RuntimeError: Trying to create tensor with negative dimension

Environment info

transformers version: 3.4.0
Platform: Linux-3.10.0-957.el7.x86_64-x86_64-with-debian-stretch-sid
Python version: 3.6.9
PyTorch version (GPU?): 1.6.0 (True)
Tensorflow version (GPU?): not installed (NA)
Using GPU in script?: No
Using distributed or parallel set-up in script?: No @TevenLeScao

Information

I am using TransfoXLModel. The problem arises when running the code below (if I do not fill in vocab_size=256, it works fine):

the example scripts:

from transformers import TransfoXLConfig, TransfoXLModel
configuration = TransfoXLConfig(vocab_size=256)
model = TransfoXLModel(configuration)

Error I get:

RuntimeError Traceback (most recent call last) <ipython-input-323-7039580347ad> in <module> 3 configuration = TransfoXLConfig(vocab_size=256) 4 # Initializing a model from the configuration ----> 5 model = TransfoXLModel(configuration)

/opt/conda/lib/python3.6/site-packages/transformers/modeling_transfo_xl.py in init(self, config) 736 737 self.word_emb = AdaptiveEmbedding( –> 738 config.vocab_size, config.d_embed, config.d_model, config.cutoffs, div_val=config.div_val 739 ) 740

/opt/conda/lib/python3.6/site-packages/transformers/modeling_transfo_xl.py in init(self, n_token, d_embed, d_proj, cutoffs, div_val, sample_softmax) 421 l_idx, r_idx = self.cutoff_ends[i], self.cutoff_ends[i + 1] 422 d_emb_i = d_embed // (div_val ** i) –> 423 self.emb_layers.append(nn.Embedding(r_idx - l_idx, d_emb_i)) 424 self.emb_projs.append(nn.Parameter(torch.FloatTensor(d_proj, d_emb_i))) 425

/opt/conda/lib/python3.6/site-packages/torch/nn/modules/sparse.py in init(self, num_embeddings, embedding_dim, padding_idx, max_norm, norm_type, scale_grad_by_freq, sparse, _weight) 107 self.scale_grad_by_freq = scale_grad_by_freq 108 if _weight is None: –> 109 self.weight = Parameter(torch.Tensor(num_embeddings, embedding_dim)) 110 self.reset_parameters() 111 else:

RuntimeError: Trying to create tensor with negative dimension -199744: [-199744, 16]

Issue Analytics

State:
Created 3 years ago
Comments:6 (2 by maintainers)

Top GitHub Comments

2reactions

TevenLeScaocommented, Oct 28, 2020

Hey!

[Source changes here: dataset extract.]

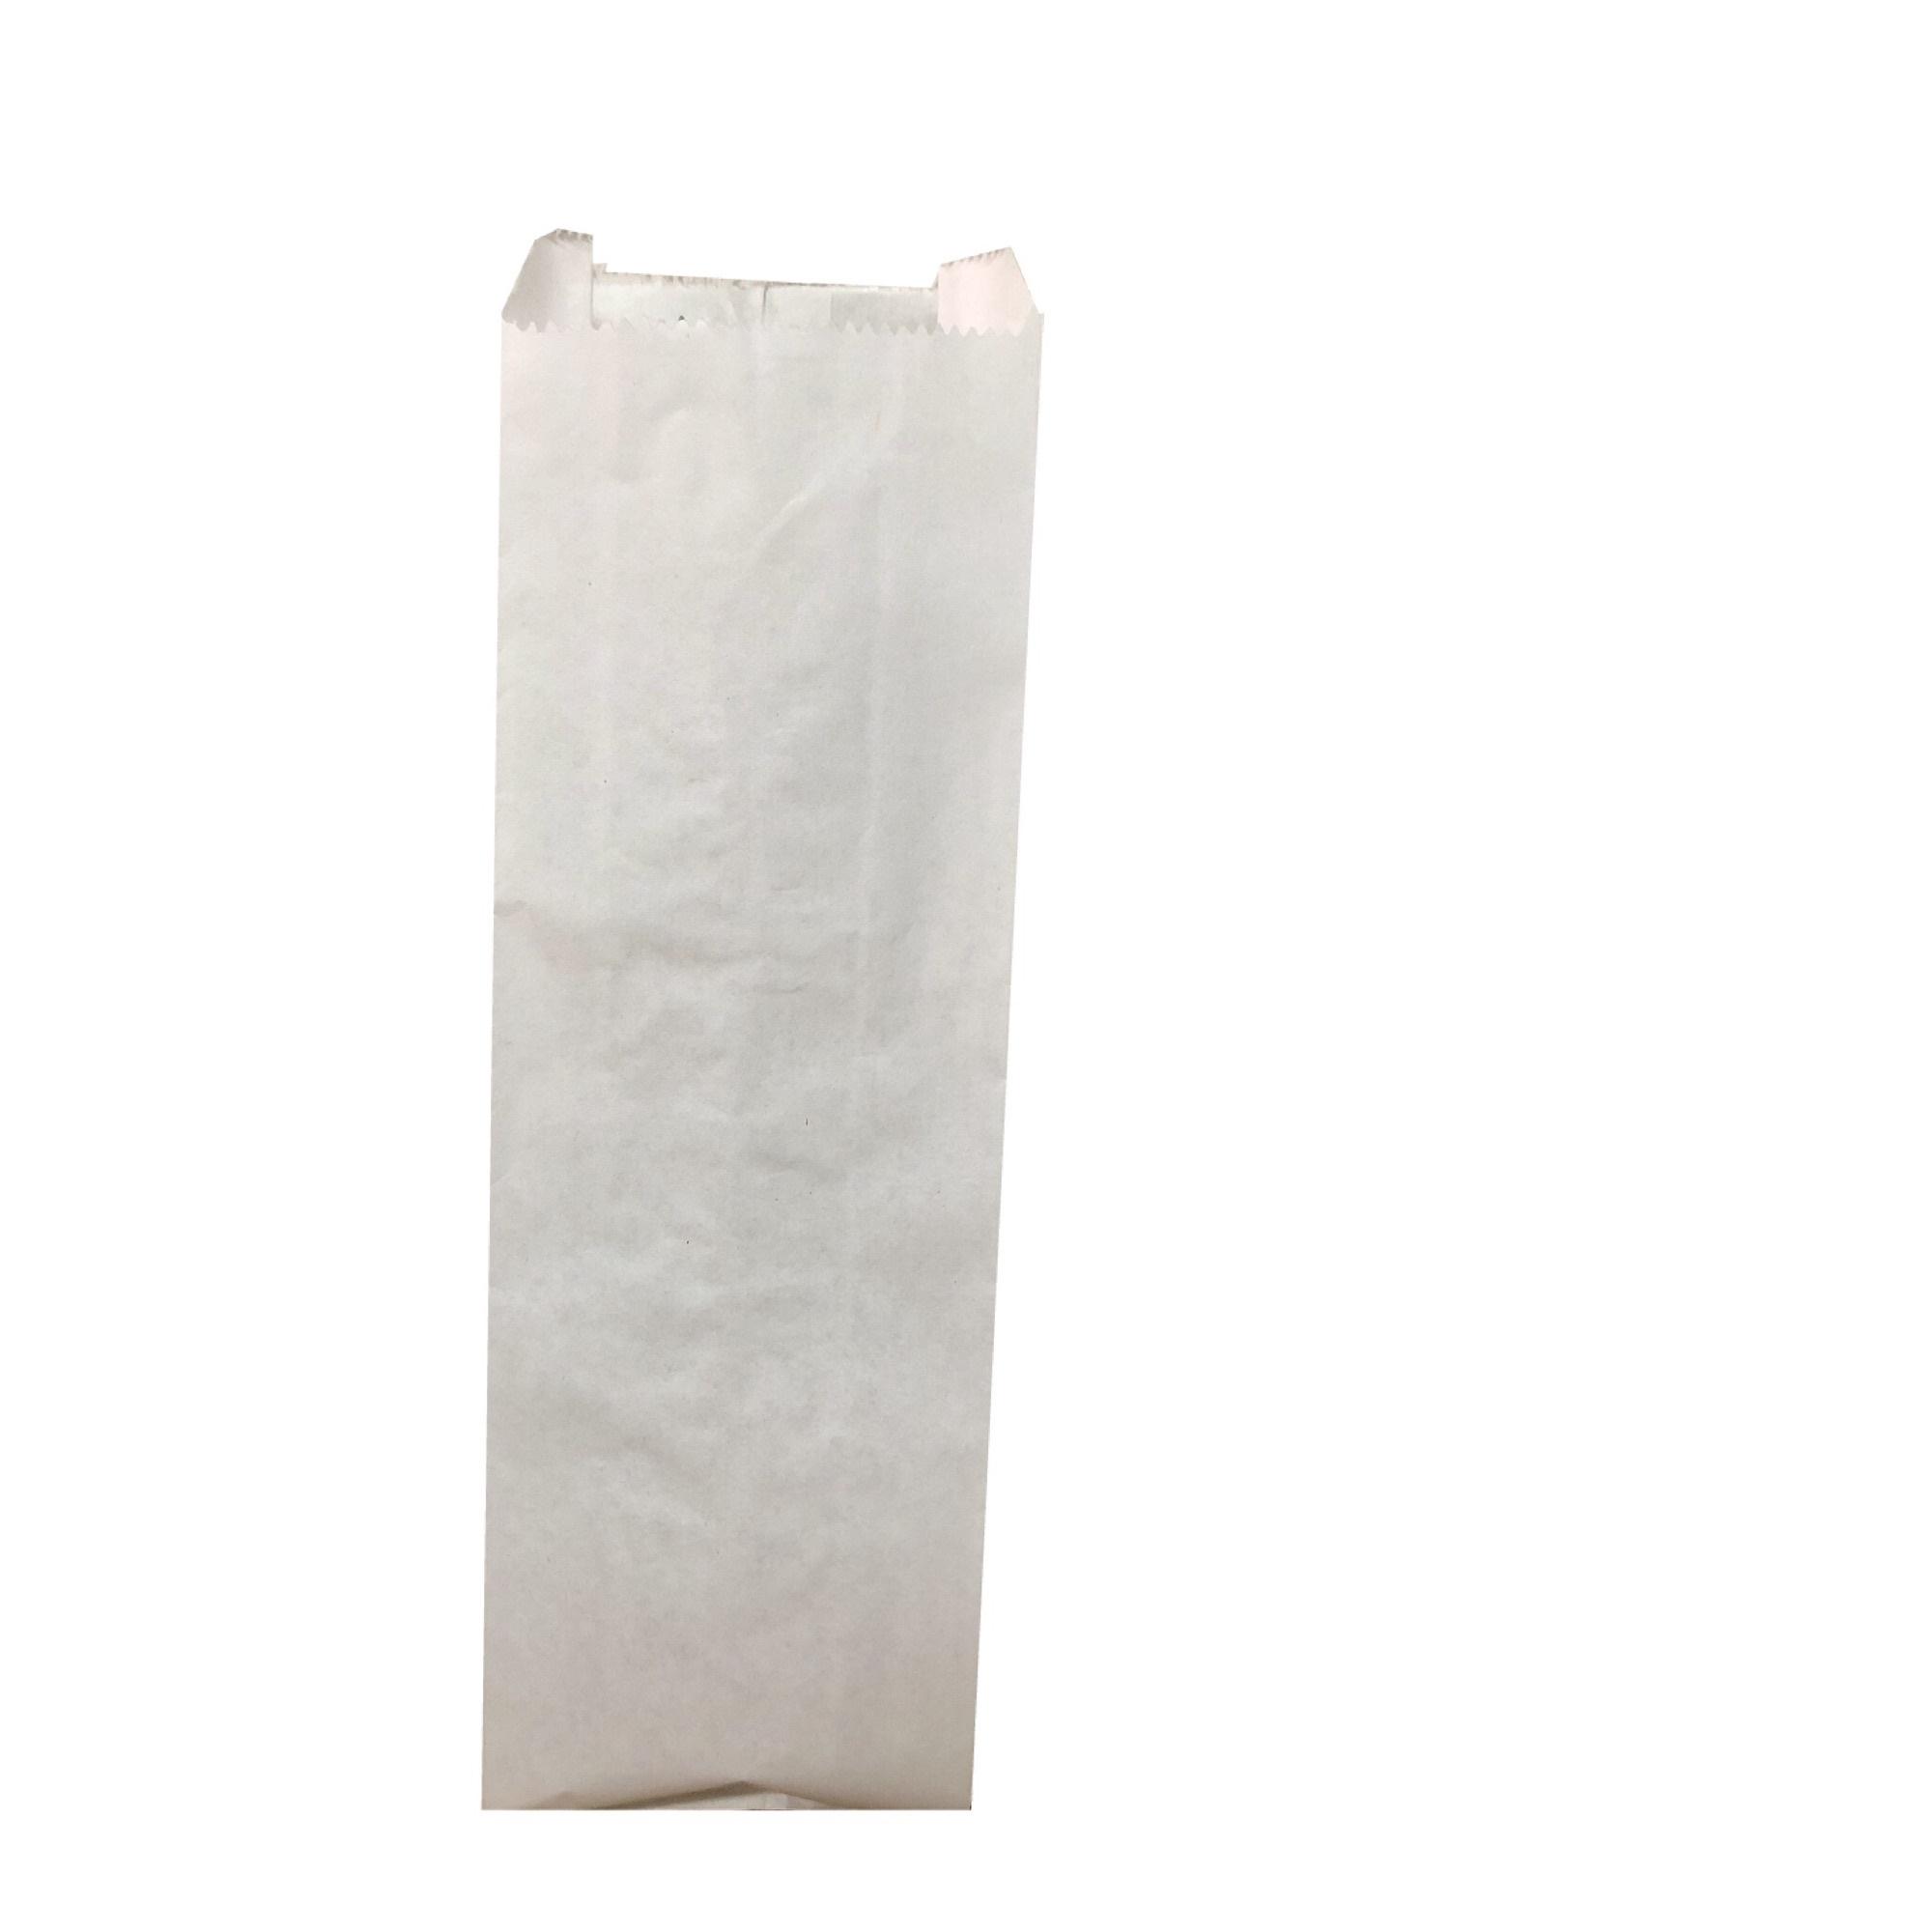 پاکت ساندویچ مدل B04 بسته 100 عددی

From your description it sounds like you haven’t changed the cutoff points for adaptive embeddings. (the different sizes of the clusters for the hierarchical softmax generation). This causes an issue as the last cluster of embeddings, the one for the least frequent words, has size vocab_size - cutoffs[-1] so if the last cutoff is bigger than the vocab size, that’s negative.

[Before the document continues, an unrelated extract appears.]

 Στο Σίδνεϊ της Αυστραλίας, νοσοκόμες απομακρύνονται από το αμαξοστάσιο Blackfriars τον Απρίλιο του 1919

Now for only 256 vocab words, adaptive embeddings don’t really matter anyway, so I’d recommend running

from transformers import TransfoXLConfig, TransfoXLModel
configuration = TransfoXLConfig(vocab_size=256, cutoffs=[])
model = TransfoXLModel(configuration)

0reactions

davidliujiafengcommented, Oct 28, 2020

@TevenLeScao Thanks very much, it works great for me, close the issue now.